Tambien se usa como hazmerreir al _gallego. _Por ejemplo, 

Cóme entretienes a un gallego?
Dándole un paquete de M&M's y didiéndole que los organice en orden alfabético.


----------



## cl109

mazbook said:
			
		

> "lepero" wouldn't work in México, as here it means someone with a VERY foul mouth (method of speaking). Neither would "chiflado", as here it is simply synonymous with "loco". However, I have just had "el ruco profesor" suggested to me. From the RAE: ruco, ca 1. adj. Am. Cen. Viejo, inútil. What do you think?


 
Hola!
¿No podrías usar "güey"? Acá en mx se usa mucho, "¿Sabes lo que hizo tal güey?". Porque no vas a encontrar un equivalente de headmaster en el sentido que se usa en UK. 
Saludos!!


----------



## 9895

Yo creo que _gallego_ si resultaría ofensivo, porque, ¿no llaman así a los españoles? Si el libro de chistes va a ser para españoles, no creo que tuviera mucho éxito...


----------



## fenixpollo

Los chistes de gallegos, según mi entender, se burlan de la gente de Galicia, no de todos los españoles.  En inglés, el equivalente es _Polack jokes_.  

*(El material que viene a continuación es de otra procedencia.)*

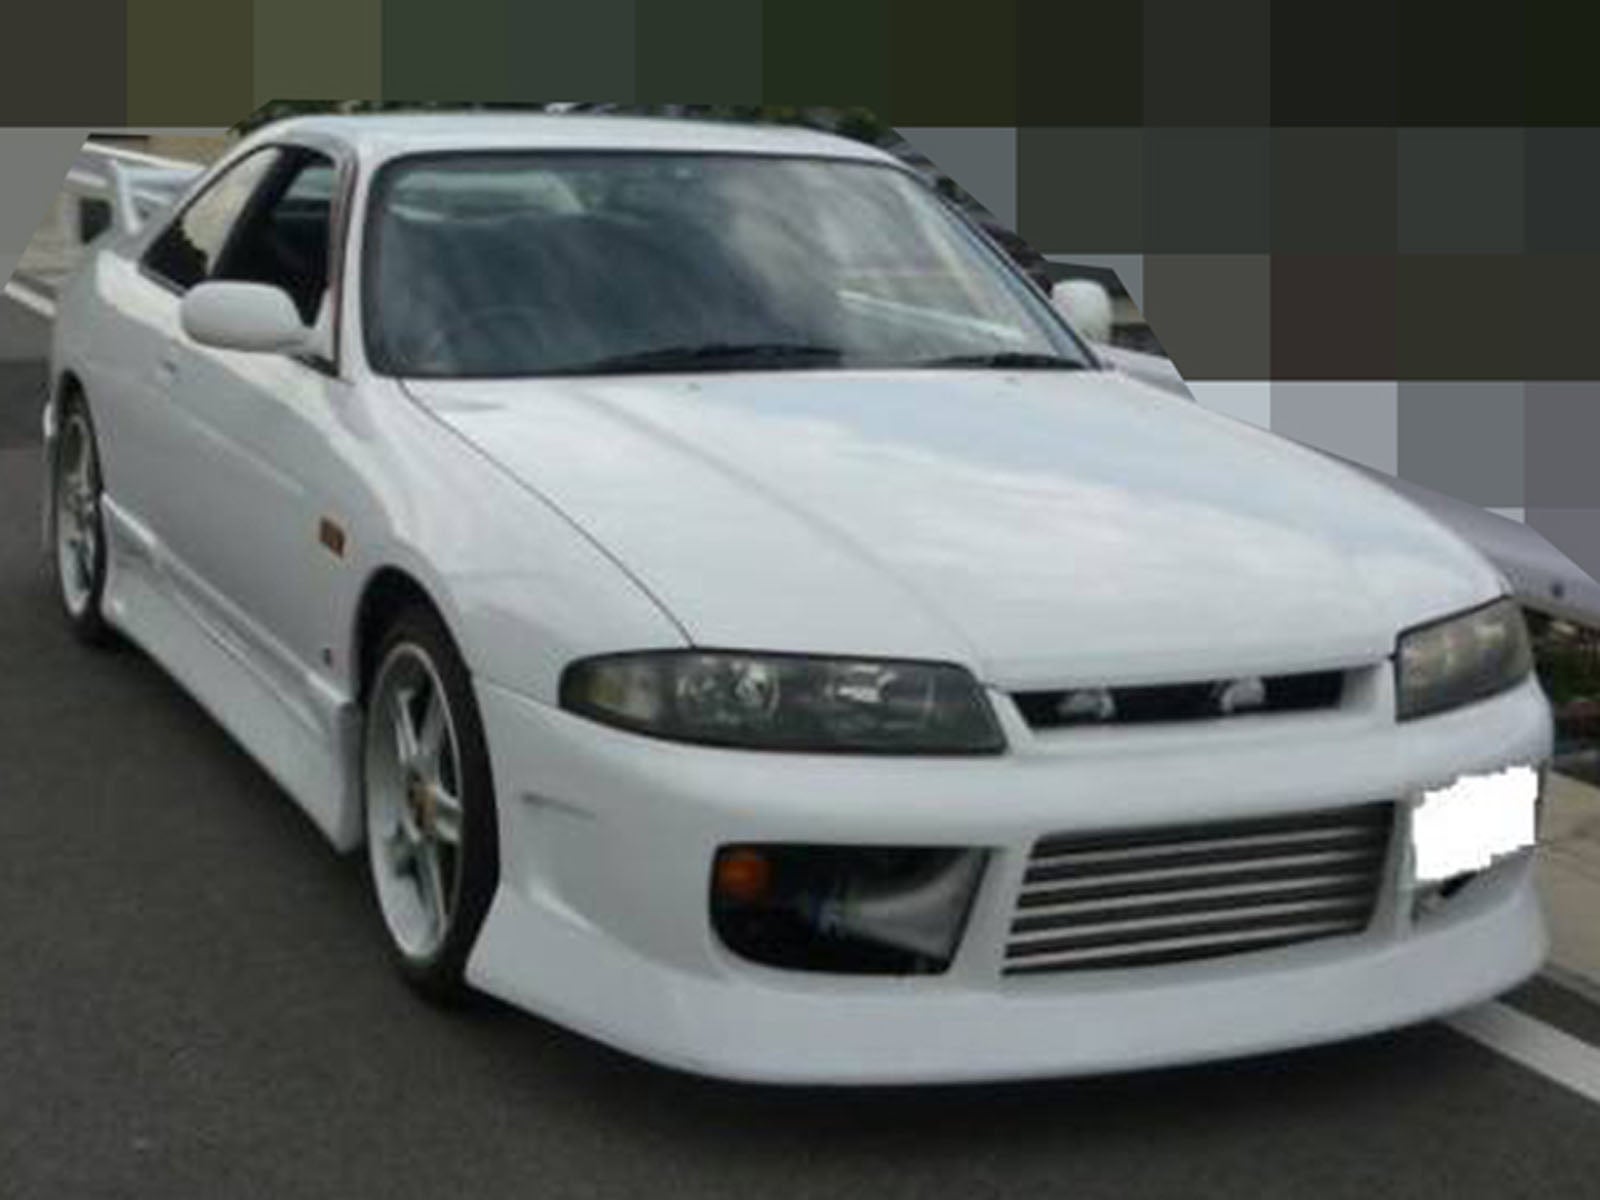 Used nissan skyline for sale in florida

Aunque los chavos no me crean, _güey_ es (o ha sido, dependiendo en tu punto de vista) una grosería.  Hace dos años, no se podía decirlo en la tele mexicano porque era demasiado fuerte.  Opino que las personas mayores de 40 años se podrían ofender.


----------



## Hidrocálida

mazbook said:
			
		

> "lepero" wouldn't work in México, as here it means someone with a VERY foul mouth (method of speaking). Neither would "chiflado", as here it is simply synonymous with "loco". However, I have just had "el ruco profesor" suggested to me. From the RAE: ruco, ca 1. adj. Am. Cen. Viejo, inútil. What do you think?


 
In colloquial Mexican way
the principal of the school = El mero mero de la escuela (el jefe ,el que manda)
Saludos


----------



## belén

fenixpollo said:
			
		

> Los chistes de gallegos, según mi entender, se burlan de la gente de Galicia, no de todos los españoles.  En inglés, el equivalente es _Polack jokes_.
> 
> Aunque los chavos no me crean, _güey_ es (o ha sido, dependiendo en tu punto de vista) una grosería.  Hace dos años, no se podía decirlo en la tele mexicano porque era demasiado fuerte.  Opino que las personas mayores de 40 años se podrían ofender.



Hola primo,

No, el "gallego" para muchos países de América representa al español de España,  independientemente de su ciudad de origen..

Saludos,

Belén


----------



## cachaco

Alundra said:
			
		

> I have to say, in Spain when we make jokes about the school, the jokes are about the student "Jaimito"... neither the "director" nor the teachers... if it helps...
> 
> Wait more opinions.
> Alundra.



Me adhiero a la opinión de Alundra. En Colombia el personaje del chiste escolar es casi siempre "Juanito", con sus pícaras respuestas. Un director de escuela, un maestro, nunca son las estrellas del chiste.


----------



## cl109

fenixpollo said:
			
		

> Los chistes de gallegos, según mi entender, se burlan de la gente de Galicia, no de todos los españoles. En inglés, el equivalente es _Polack jokes_.
> 
> Aunque los chavos no me crean, _güey_ es (o ha sido, dependiendo en tu punto de vista) una grosería. Hace dos años, no se podía decirlo en la tele mexicano porque era demasiado fuerte. Opino que las personas mayores de 40 años se podrían ofender.


 


Seguramente es así, hace 3 años que vivo en México y escucho esa palabra por todos lados, no sabía que es grosería...debe ser como el "boludo" de Argentina que para nosotros también es grosería aunque se utilice tanto.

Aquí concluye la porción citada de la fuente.